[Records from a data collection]
----

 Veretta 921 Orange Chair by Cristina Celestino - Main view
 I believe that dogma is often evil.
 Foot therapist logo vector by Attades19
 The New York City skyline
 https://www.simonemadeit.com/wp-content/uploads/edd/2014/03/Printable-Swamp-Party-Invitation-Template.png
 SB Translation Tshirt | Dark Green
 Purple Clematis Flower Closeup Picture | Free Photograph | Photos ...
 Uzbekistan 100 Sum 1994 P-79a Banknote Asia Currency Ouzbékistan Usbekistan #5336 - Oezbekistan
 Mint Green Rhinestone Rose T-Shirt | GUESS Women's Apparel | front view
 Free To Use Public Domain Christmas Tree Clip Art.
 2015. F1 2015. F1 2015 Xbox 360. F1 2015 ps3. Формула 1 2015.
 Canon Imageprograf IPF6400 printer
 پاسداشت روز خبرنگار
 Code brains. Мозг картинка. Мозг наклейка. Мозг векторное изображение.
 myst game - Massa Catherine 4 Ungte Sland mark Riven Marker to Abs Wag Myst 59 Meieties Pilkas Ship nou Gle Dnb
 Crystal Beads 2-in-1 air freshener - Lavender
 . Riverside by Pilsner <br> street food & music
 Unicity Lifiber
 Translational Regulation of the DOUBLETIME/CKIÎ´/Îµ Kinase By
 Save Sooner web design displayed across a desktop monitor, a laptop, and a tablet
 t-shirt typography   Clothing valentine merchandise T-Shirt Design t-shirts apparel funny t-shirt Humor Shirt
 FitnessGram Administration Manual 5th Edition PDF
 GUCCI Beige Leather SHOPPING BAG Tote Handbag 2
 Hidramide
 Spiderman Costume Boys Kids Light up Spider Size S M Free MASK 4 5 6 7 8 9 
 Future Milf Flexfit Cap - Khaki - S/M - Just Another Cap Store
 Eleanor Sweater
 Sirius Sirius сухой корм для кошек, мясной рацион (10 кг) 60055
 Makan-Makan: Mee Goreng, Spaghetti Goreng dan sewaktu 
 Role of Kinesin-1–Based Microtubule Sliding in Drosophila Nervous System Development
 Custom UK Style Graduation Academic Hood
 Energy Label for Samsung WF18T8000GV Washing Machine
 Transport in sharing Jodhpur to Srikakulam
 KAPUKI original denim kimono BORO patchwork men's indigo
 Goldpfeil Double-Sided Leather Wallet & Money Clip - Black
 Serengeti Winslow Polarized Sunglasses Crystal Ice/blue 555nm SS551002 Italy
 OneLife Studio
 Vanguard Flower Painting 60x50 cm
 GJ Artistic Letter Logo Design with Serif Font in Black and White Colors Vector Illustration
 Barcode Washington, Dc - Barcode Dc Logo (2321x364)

----

What you have to do: When the line with "The New York City skyline" is reached in the data above, start copying there, and copy each line exactly until the line with "Purple Clematis Flower" has been copied; copy nothing else.

Final answer:
 The New York City skyline
 https://www.simonemadeit.com/wp-content/uploads/edd/2014/03/Printable-Swamp-Party-Invitation-Template.png
 SB Translation Tshirt | Dark Green
 Purple Clematis Flower Closeup Picture | Free Photograph | Photos ...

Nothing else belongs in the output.